Late jobs in DK region
Incident Report for Keepit
Resolved
All backups have now been running on time reliably since around midnight CEST and we are therefore closing this incident now.
Posted May 14, 2022 - 07:48 UTC
Update
Late yesterday we increased the network infrastructure capacity as previously mentioned which has rapidly improved the situation.

We are now less than 12 hours behind on the backup schedule, meaning the actual impact of this issue should be negligible for almost any practical situation for the customers running a daily backup.

We still expect to be back to normal operations shortly, and no later than May 16th, 2022.

The Keepit platform continues to be fully functional. All your stored backups are safe and, if needed, you can access them.

This incident stays open until the situation is fully resolved.
Posted May 13, 2022 - 08:03 UTC
Update
To mitigate ongoing situation on EU environment software updates will be released. It might lead to the backup jobs failure, they will be automatically rescheduled and no action required from the user's side
Posted May 12, 2022 - 11:10 UTC
Update
First we would like to point out that the user interface of the platform has been responsive and functional throughout this incident and still is. This means data access, searches, restores and so on, should all work as usual for everyone. Basically all day-to-day needs should be available, and should have been available, to the entire customer base throughout this incident.

The problem which remains, is, that not all backups execute on time, yet. This means, there is a delay from the time we intend to start a backup, till the time the backup actually starts. This delay is now significantly below the 24 hour mark, this was a significant milestone in the resolution of this problem - but work continues to get this delay down to 0 where it should be and usually is.

We will continue to update this incident as new information becomes available.
Posted May 12, 2022 - 08:34 UTC
Update
The backlog is still steadily processing. Our focus is on getting back to executing all backups on time as is usual.

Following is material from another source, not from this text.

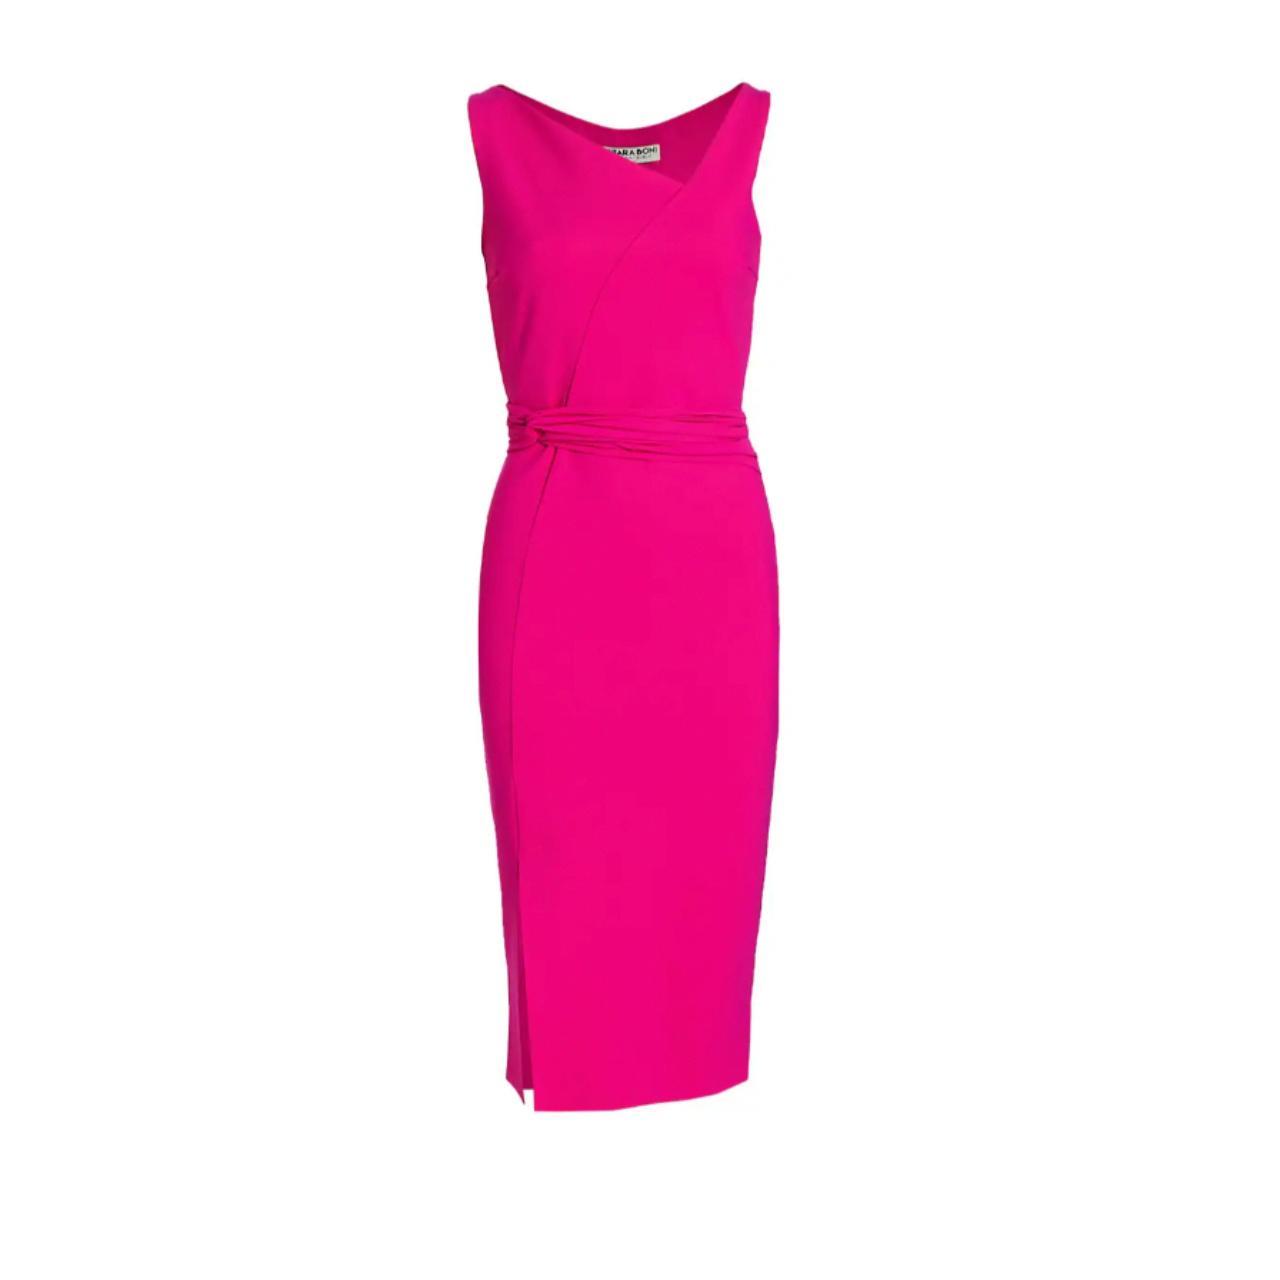 Chiara Boni La Petite Robe Women's Pink Dress

We have been initiating various initiatives in order to improve the processing speed of the backlog and we have seen some effect of this. This work is continuing, also in collaboration with suppliers and partners - there are still things that can be done to significantly improve the speed at which we are getting back to normal service (and to prevent an incident like this from recurring).

We will continue to update this issue with information as events unfold. We sincerely apologise for any inconvenience this is causing.
Posted May 11, 2022 - 15:13 UTC
Update
The backlog is continuing to process and we see a notable decrease in the age of the oldest backup jobs; this is good news and it means that we are moving in the right direction.

We generally do not expect to cancel jobs going forward (aside from exceptional cases) and we expect to see the size of the backlog continue to decrease in the coming hours.
Posted May 10, 2022 - 12:02 UTC
Update
With the latest round of changes we now see significant improvement in backlog processing speed. We are now catching up quickly with outstanding jobs and expect to continue to do so in the coming hours.
Posted May 09, 2022 - 17:17 UTC
Update
A necessary step towards resolving the current backlog situation involves restarting a number of backup jobs. Therefore, some customers will now receive e-mail notifications from the platform that a running backup job has been cancelled. This is an intentional operation that we are now performing in order to enable much faster processing of the backup job backlog - any cancelled job will re-start automatically as soon as possible.
Posted May 09, 2022 - 14:04 UTC
Update
We still have late backup jobs - overall throughput is good but there is a backlog of work that needs processing and this does take some time.

We are continuing to push forward with initiatives to remedy this situation as soon as possible. This incident will be updated.
Posted May 09, 2022 - 13:41 UTC
Update
Due to reachability problems earlier in the day we needed to back down on backup performance temporarily. This has not improved the situation with jobs being late already. We are now ramping the backup performance back up in a controlled manner.

Customers may see backup jobs being delayed or starting later than desired during this time - however, search, restore and other operations should be completely unaffected by this.

This incident will be updated as work progresses.
Posted May 06, 2022 - 14:15 UTC
Monitoring
Some backup jobs restarted and some backup jobs slightly delayed due to physical infrastructure updates in Copenhagen coinciding with the 5.2 feature release - we are closely monitoring the situation and expect to see the backlog catching up quickly
Posted May 05, 2022 - 15:04 UTC
This incident affected: Denmark, Copenhagen (dk-co) (SaaS Backup).